“Just as good fruit comes from a healthy tree, hear the good news that through Christ, you are declared to be a good tree. And from you, empowered by the Holy Spirit, come all the fruits of the Spirit. “
Hello Gloria Dei,
In our reading and preaching through the New Testament this year, we are currently in the book of Acts. We began last week in chapters one through seven, focusing on the gift of the Holy Spirit at Pentecost, as recorded in Acts 2.
For this week, our assigned reading is Acts chapters eight through fourteen.
In chapter nine we find one of the most important accounts in all of Scripture. A man named Saul is a serious and zealous Pharisee who is violently persecuting the early followers of Jesus. On his way to a town called Damascus, Saul is met by the risen Jesus. Saul is blinded, but he hears the voice of Jesus, who says to him, “Saul, Saul, why do you persecute me?”
This is interesting because Saul was persecuting not Jesus, but the early Christians. Why does Jesus say “me”? What this means is that Jesus is equating the people of the Christian church, including you and me, with himself. Jesus is giving credence to the reality that we, as followers of Jesus, are truly the body of Christ on earth.

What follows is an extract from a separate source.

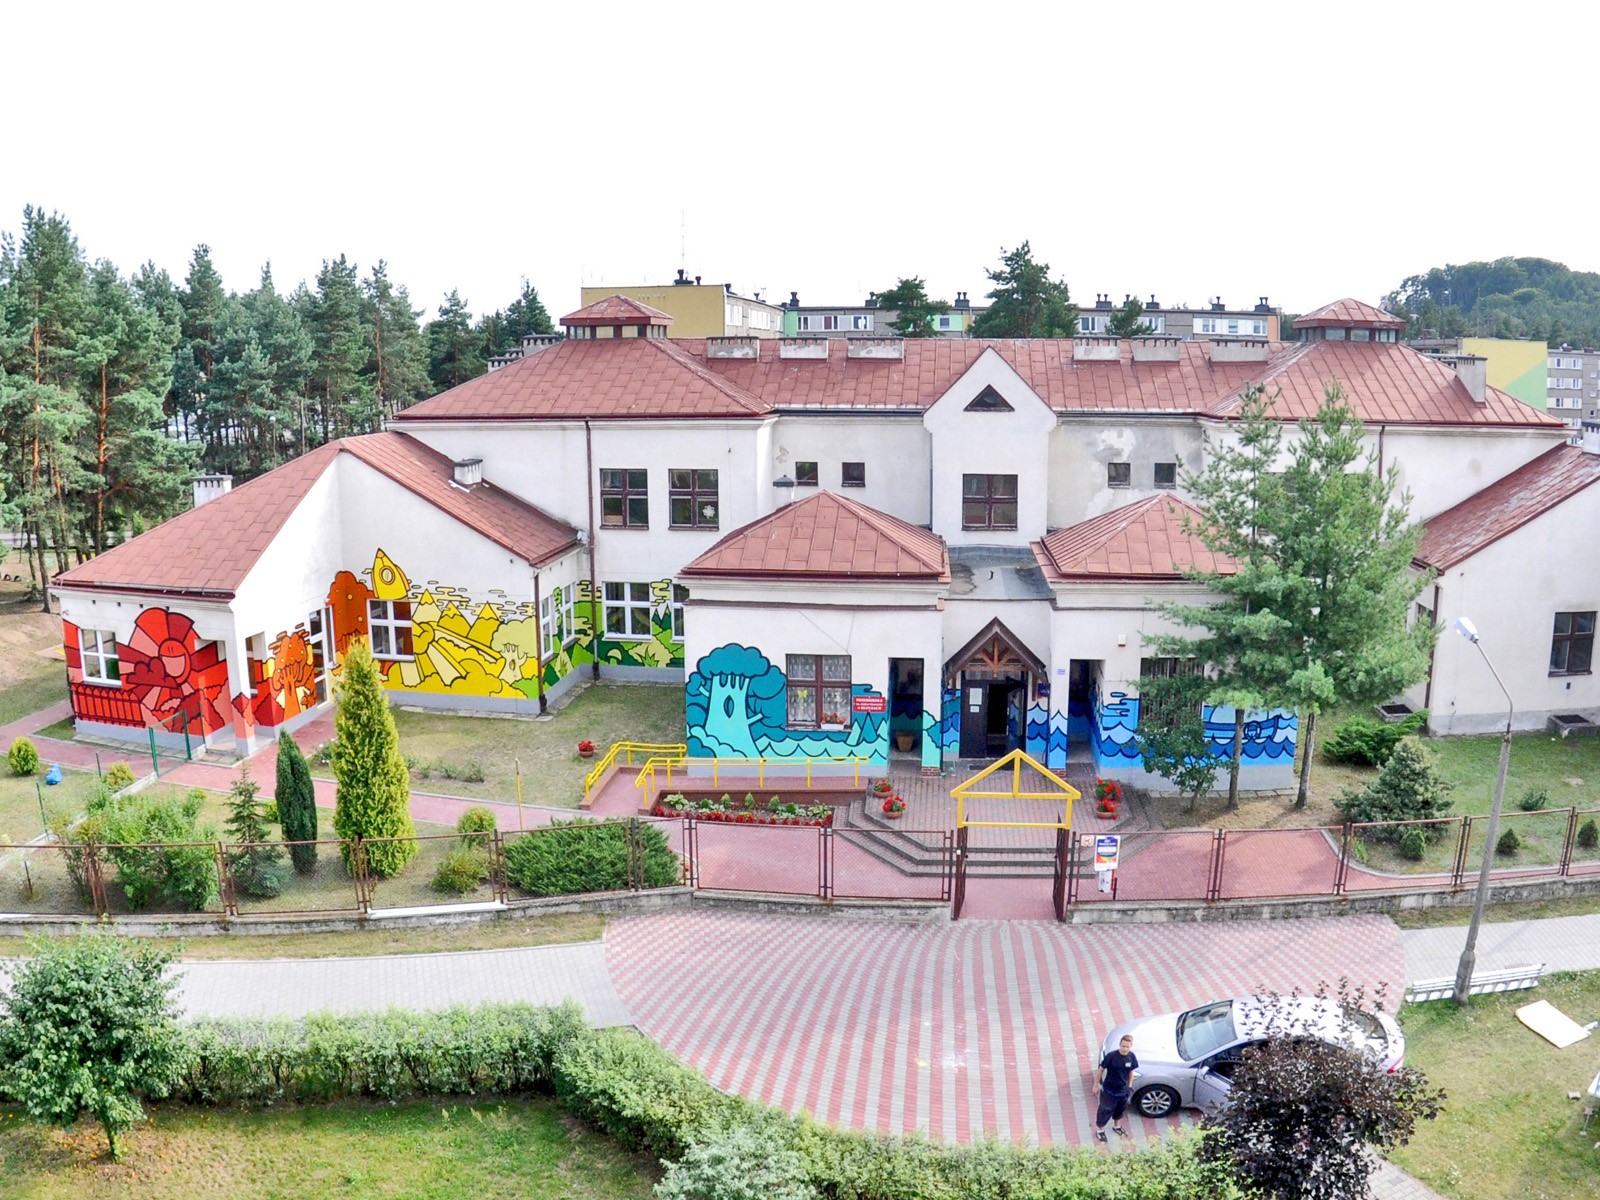 Dulux Lets colour - Event z malowaniem - CSR- Przedszkole Klucze | Ogólnopolska kampania muralowa | Portfolio

Saul, who becomes Paul, writes about this in many of his New Testament letters. “You are the body of Christ, and the body has many members… and many gifts”.
In my preaching this weekend I’ll be talking about us, the church, as the very body of Christ on earth today. Certainly, our job is not to die on the cross for the sins of the world. That has been done already by Jesus. Yet, through the gift of the Holy Spirit, as described so well in the book of Acts, we, like the early Christians, carry out the mission of Jesus. We do what Jesus did while he was on the earth. We proclaim salvation through Christ alone, and we live with the care and compassion of Jesus towards all people.
Do you recall the fruits of the Holy Spirit? Paul lists them in Galatians 5:22-23. Can you name them? “The fruit of the Spirit is love, joy, peace, patience, kindness, generosity, faithfulness, gentleness, and self-control.”
Just as good fruit comes from a healthy tree, hear the good news that through Christ, you are declared to be a good tree. And from you, empowered by the Holy Spirit, come all the fruits of the Spirit.
God is good, all the time. See you in worship.